MHP’DE SULAR DURGUN GÖRÜNÜYOR…
Cumhurbaşkanlığı seçiminden Başbakan Recep Tayyip Erdoğan’ın zaferle çıkmasının ardından, gözler muhalefet partilerindeki iç hesaplaşmalara çevrildi. CHP’de istifa ve kongre sesleri yükselirken, MHP’de eleştiriler; kısık sesle ve bireysel düzeyde dile getiriliyor. MHP Genel Başkanı Devlet Bahçeli, CHP Genel Başkanı Kemal Kılıçdaroğlu’na göre daha rahat bir konumda bulunurken, teşkilatlara yönelik hakimiyetiyle de ipleri sıkı tutuyor. Bu arada MHP, Kasım 2014’te gerçekleştirmesi gereken olağan büyük kongresini, milletvekili genel seçimleri nedeniyle Ekim 2015’e ertelemeyi planlıyor. Cumhurbaşkanlığı seçiminin ardından MHP, seçim sonuçlarını masaya yatırırken, teşkilatlarda hoşnutsuzluk olup olmadığını ve hareketlenmeleri de dikkatle izliyor.
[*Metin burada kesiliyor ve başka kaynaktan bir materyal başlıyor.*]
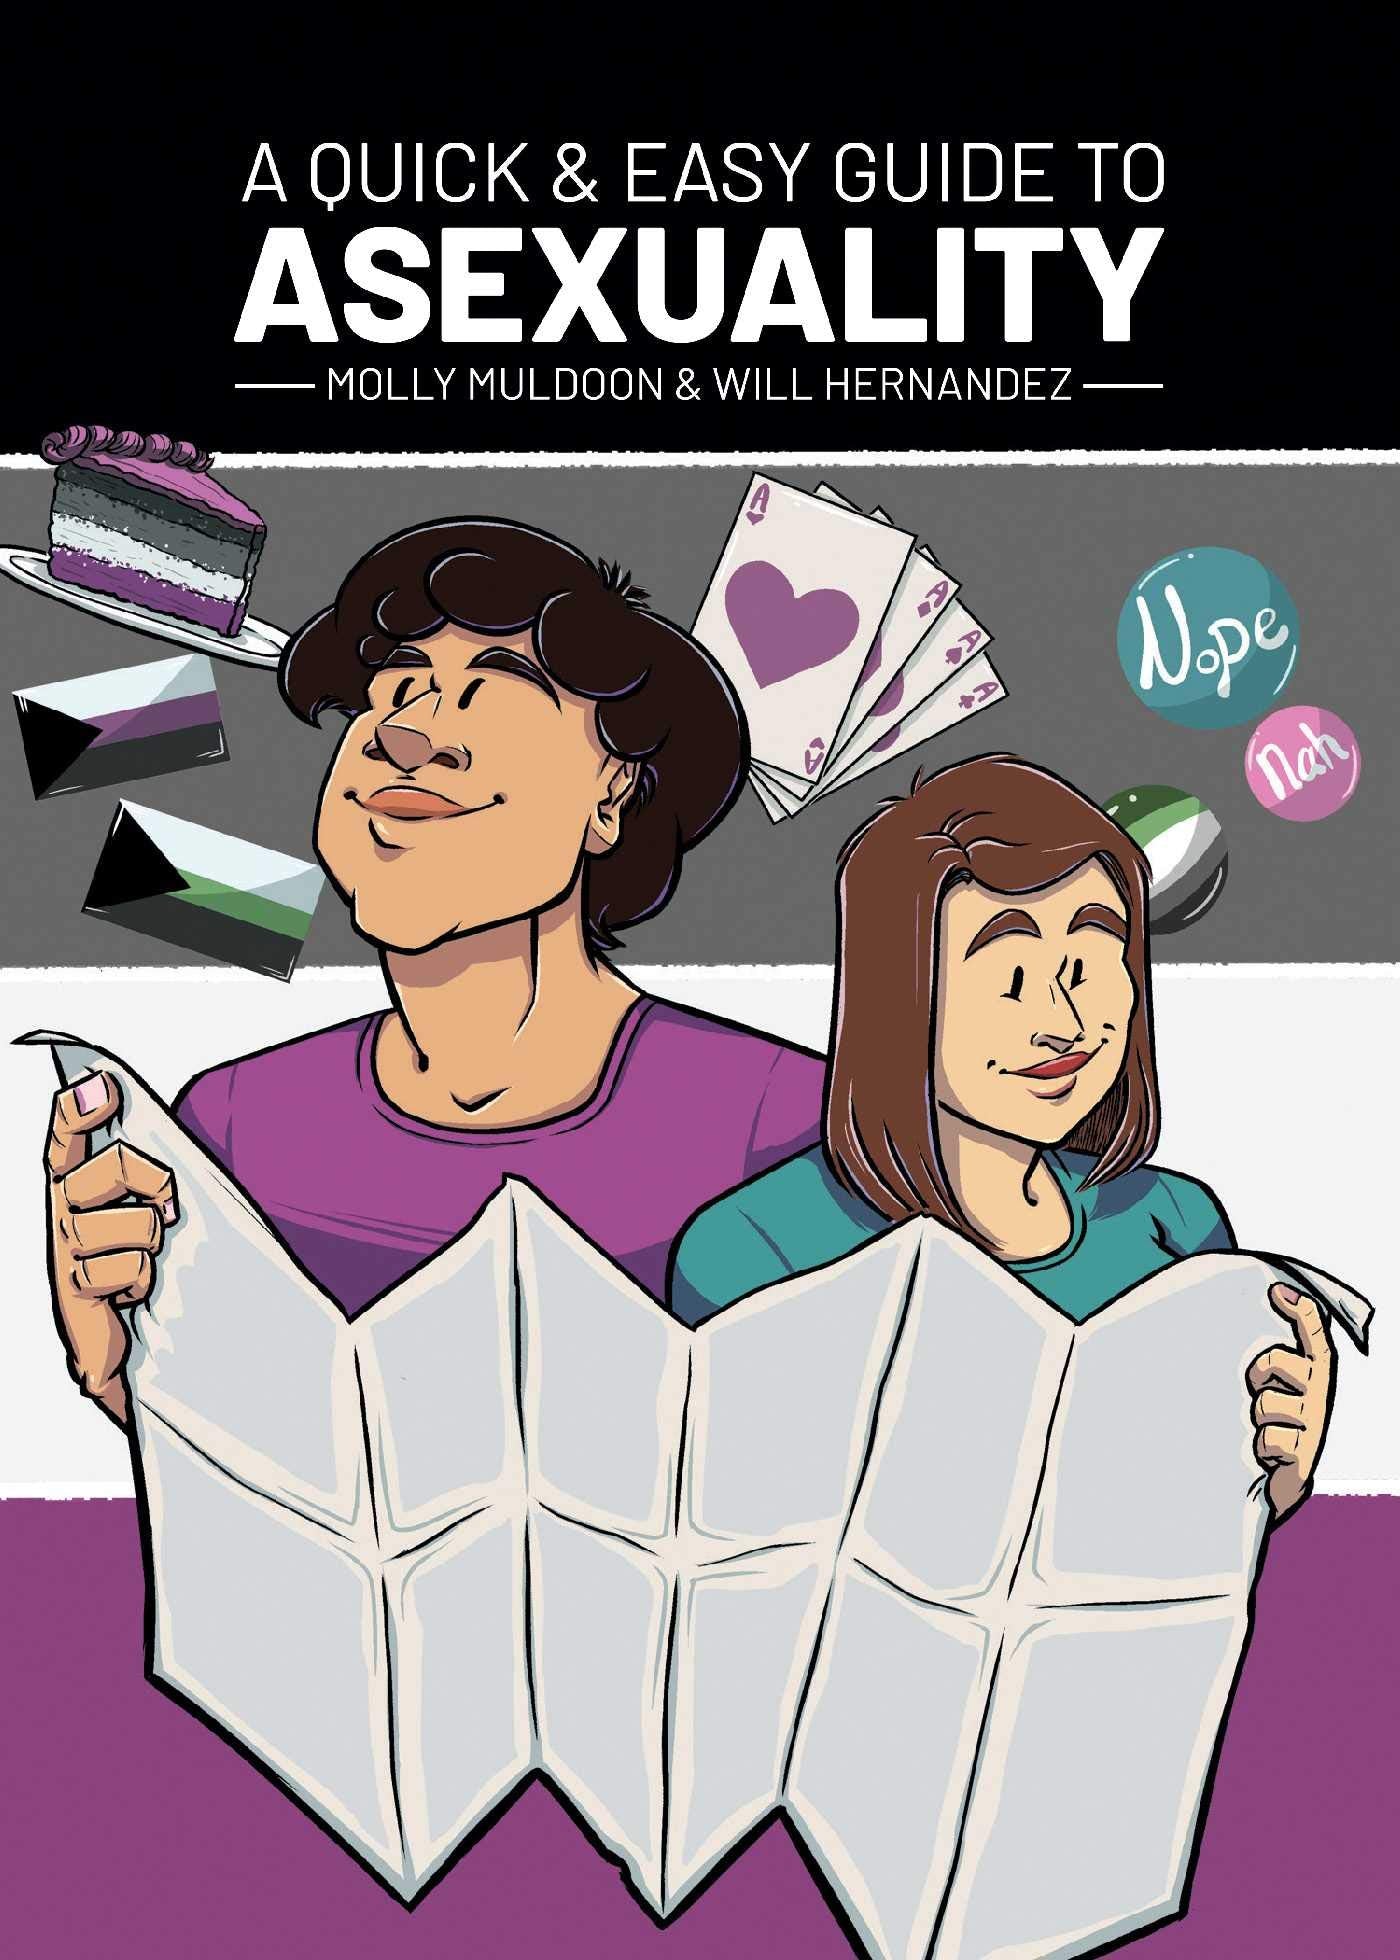 A Quick & Easy Guide to Asexuality (Quick & Easy Guides)

CHP’deki iç hesaplaşma MHP’de yaşanmazken, ileriye dönük bir örgütlü tepkinin de oluşması beklenmiyor. MHP’de Cumhurbaşkanlığı sonucuna yönelik tepkiler bireysel düzeyde kalırken, eleştiriler de kısık bir sesle dile getiriliyor. MHP’deki eleştiriler, “çatı aday yerine MHP’nin başarısız olacağı bilinse bile kendi adayı ile cumhurbaşkanı seçimine girmeliydi” ve “tabandan Ak Parti’ye oy kaymadı savunmasının gerçekçi olmadığı” yönünde. Bugüne kadar seçim sonucuna ilişkin olarak ilk açık tepki Kasım 2012’deki büyük kongrede Bahçeli’ye karşı genel başkanlık yarışı veren eski İzmir İl Başkanı Musavaat Dervişoğlu’ndan geldi. Dervişoğlu, eleştirisini sosyal medyadaki sayfasından, “Artık yeter!.. Neye ‘olmaz, olamaz’ dedi ise onu olduracak siyasi hatalar yapan insandan, MHP lideri olmaz, olamaz!.. M.D.” diyerek paylaştı. Dervişoğlu, açıktan yaptığı bu eleştirilerde yalnız kaldı. Bahçeli’nin yine 2012 kongresinde genel başkan adayı olarak yarıştığı, ancak daha sonra MHP’den Trabzon Milletvekili seçilen Koray Aydın da sessizliğini koruyor. Aydın’ın da sonuçtan memnun olmadığı öğrenilirken, herhangi bir muhalif girişimde bulunmayacağı dile getiriliyor.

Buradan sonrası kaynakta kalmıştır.